*** Data extract ***
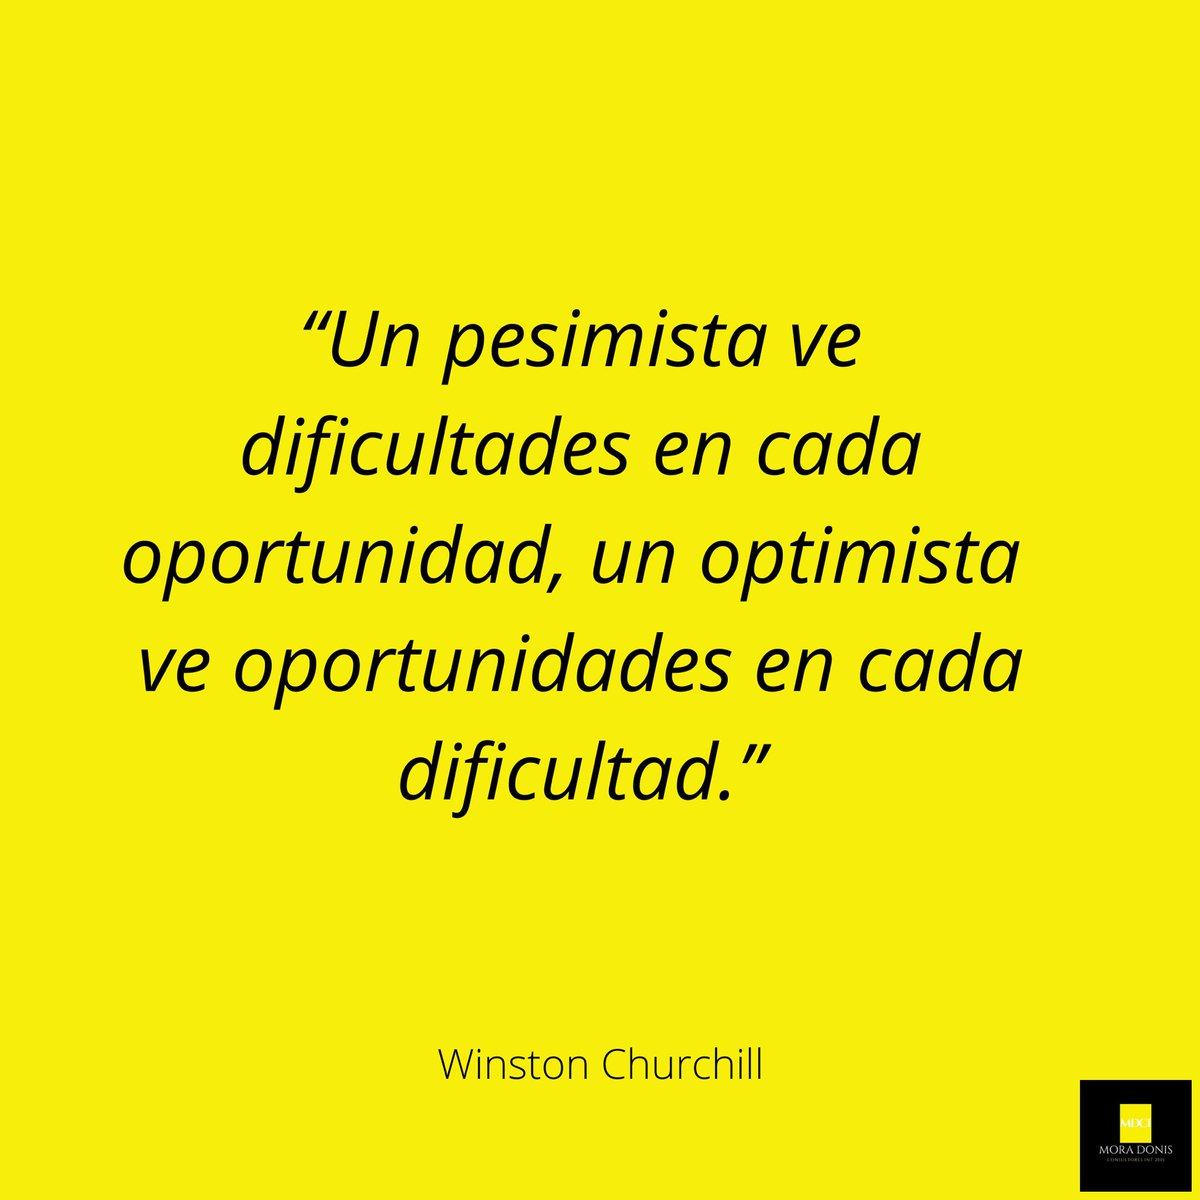 #BuenLunes aún en #COVID19 que reine el optimismo y la buena vibra 👩🏻💻👨🏿💻🧑🏼💻 síguenos @MDCI20151 #Venezuela #Mexico #Espana #Peru #Chile #Colombia #Ecuador https://t.co/roIfyv0a9R
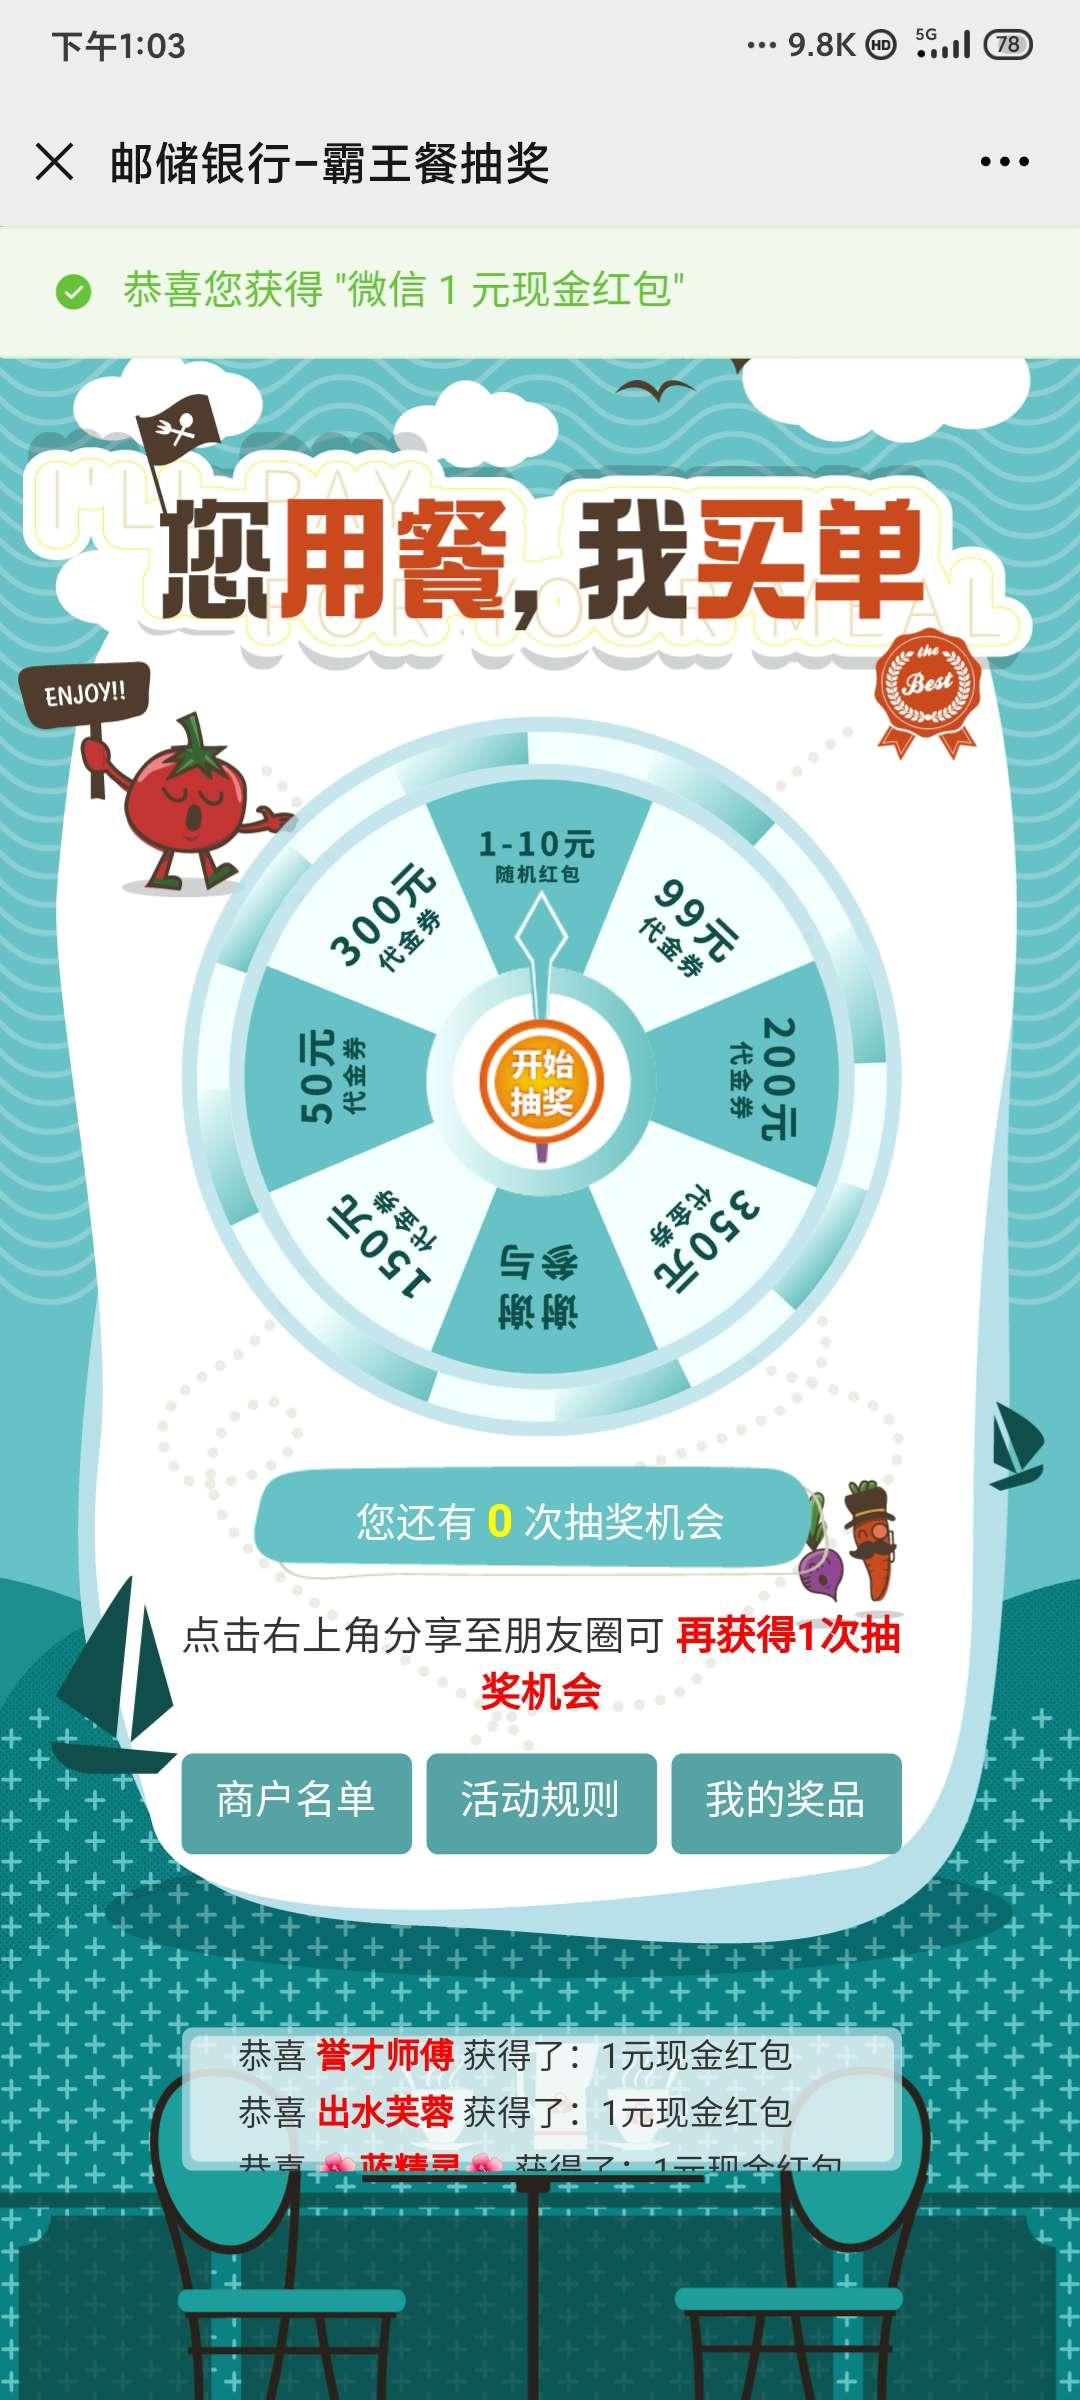 邮储银行天津分行大转盘抽红包插图2
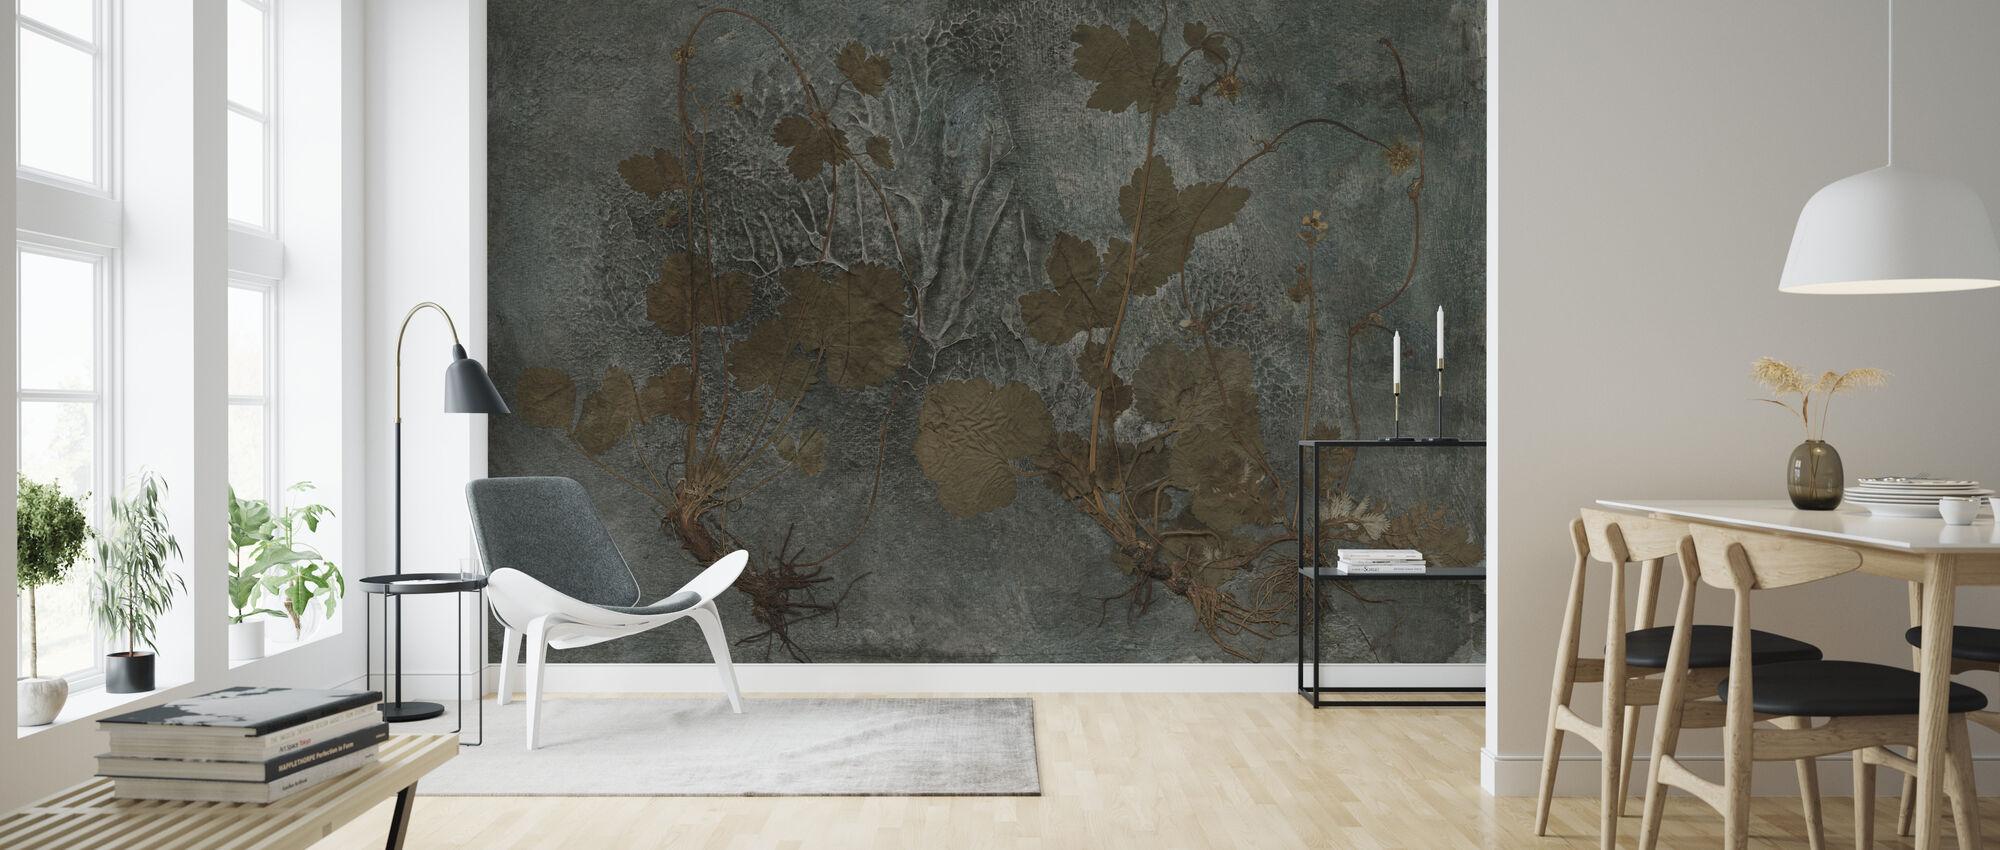 Melange - Wallpaper - Living Room
*** End of Data extract ***
## Activity
Starting at the line that holds "邮储银行天津分行大转盘抽红包插图2" and ending at the last line of the material above, repeat each line exactly, both ends included, and leave the pictures out.

## Answer to the problem
 邮储银行天津分行大转盘抽红包插图2
 Melange - Wallpaper - Living Room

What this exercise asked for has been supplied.